▶ **WORK TO BE COMPLETED**:
With pictures excluded, repeat exactly the lines from the one containing "Red pillowcase without" through the last line of the material below.

▶ **PROVIDED MATERIAL**:
_ _ _
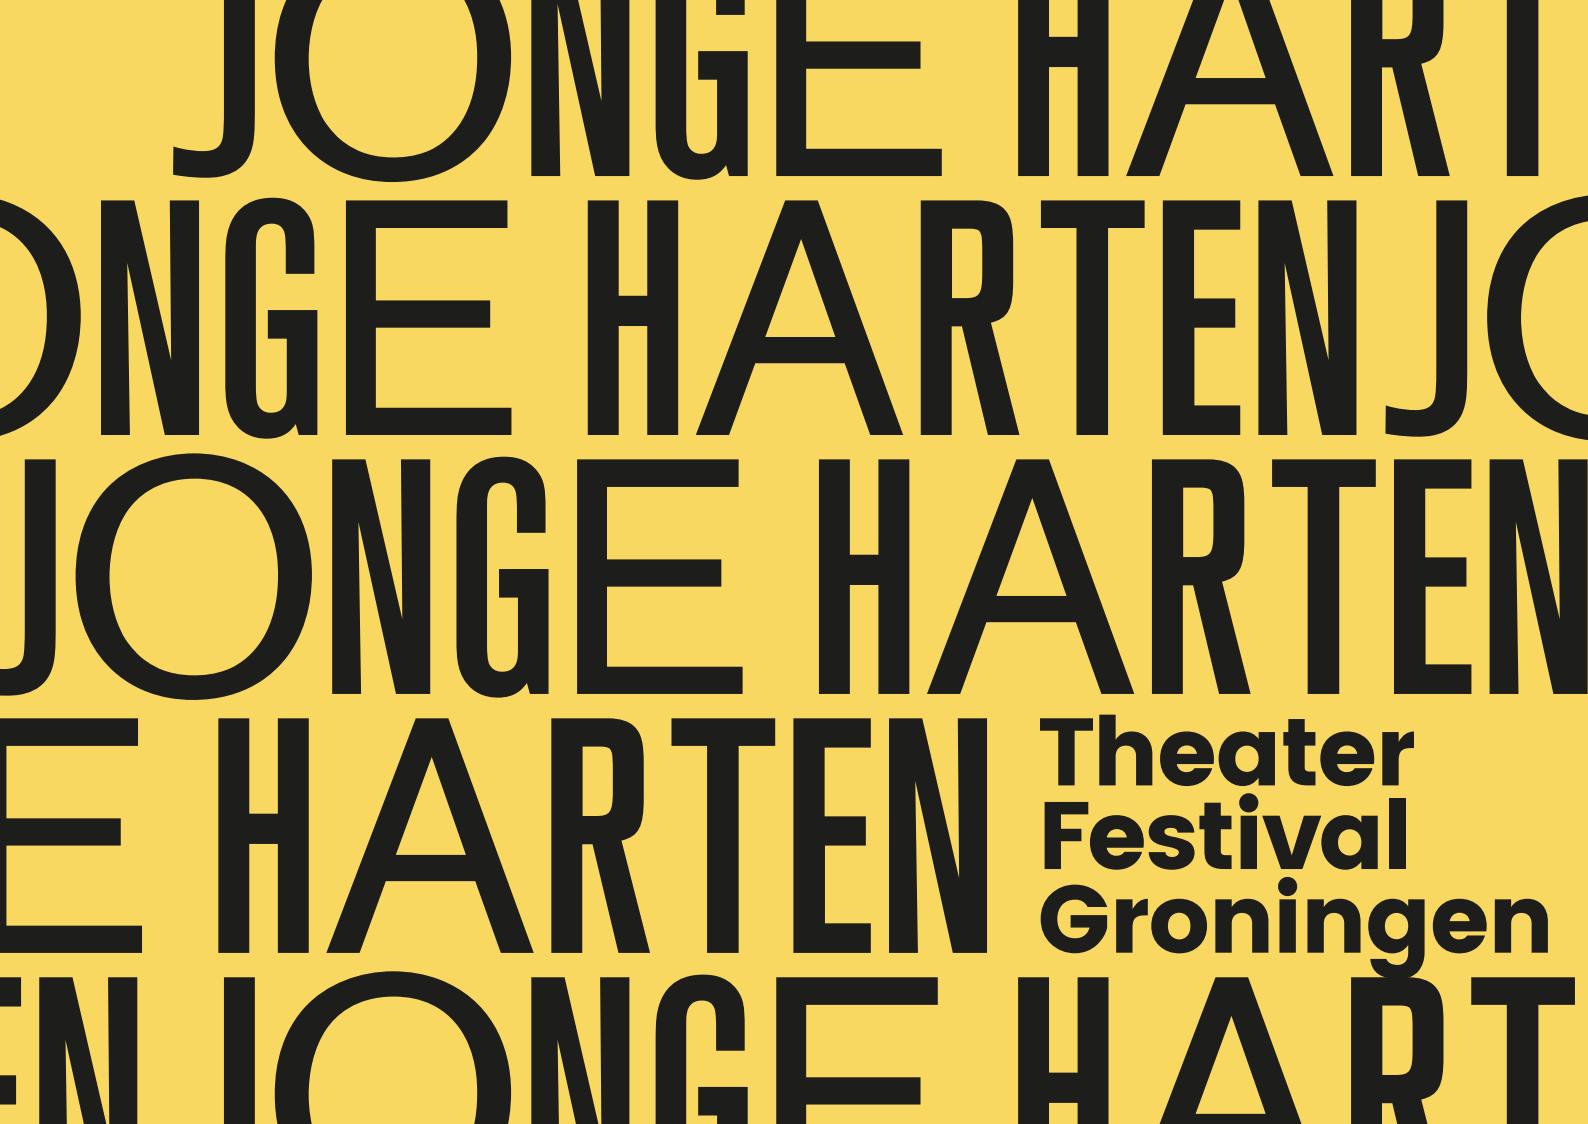 Jonge Harten Theaterfestival 19 t/m 27 november
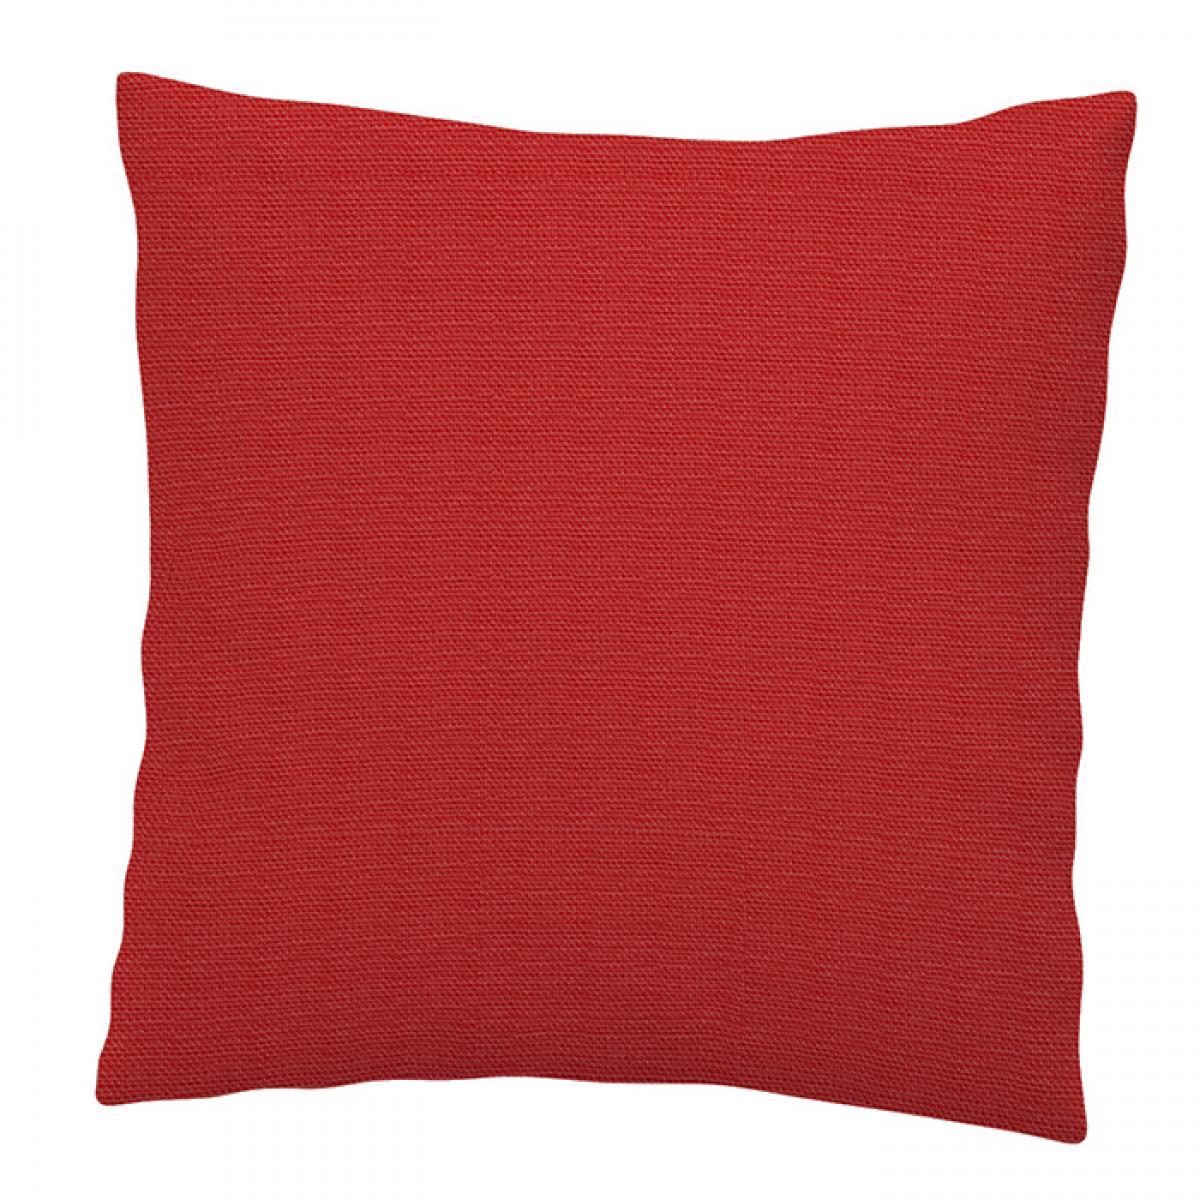 Red pillowcase without embroidery 40 * 40. Photo №1. | Narodnyi dim Ukraine
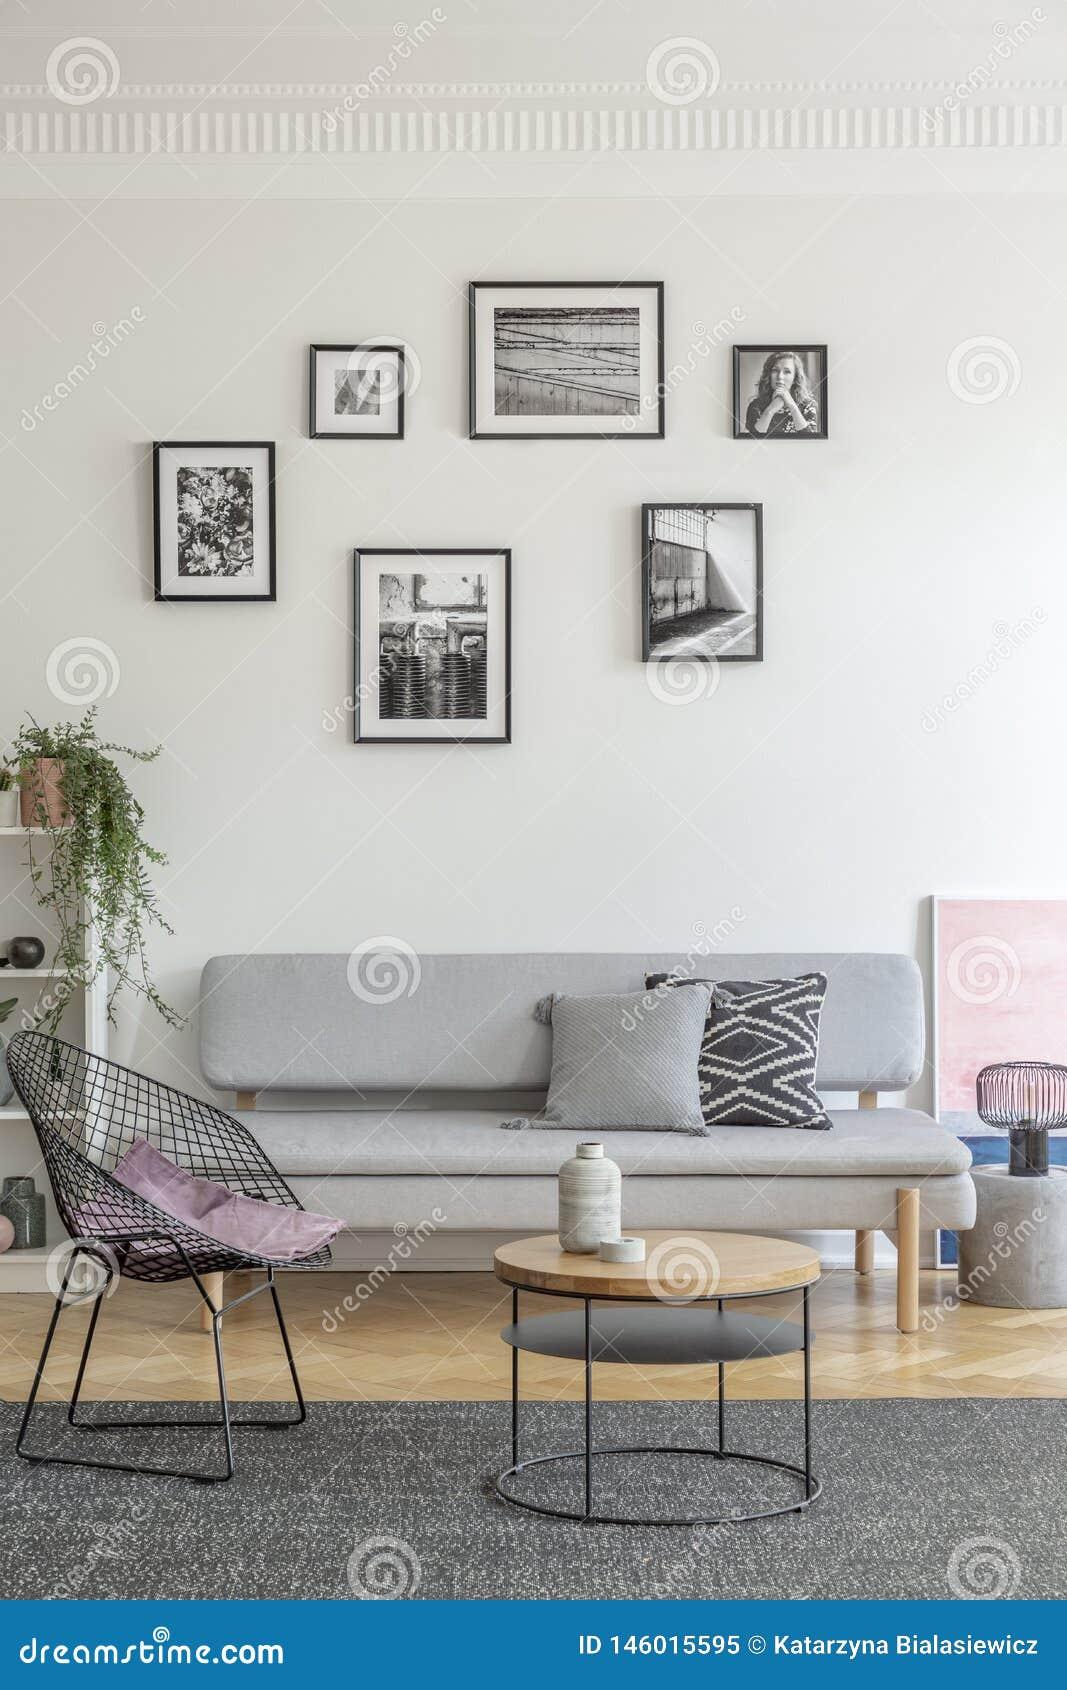 20,20 Scandinavian Chair Design Photos   Free & Royalty Free Stock ...
_ _ _
▶ **THE ANSWER**:
 Red pillowcase without embroidery 40 * 40. Photo №1. | Narodnyi dim Ukraine
 20,20 Scandinavian Chair Design Photos   Free & Royalty Free Stock ...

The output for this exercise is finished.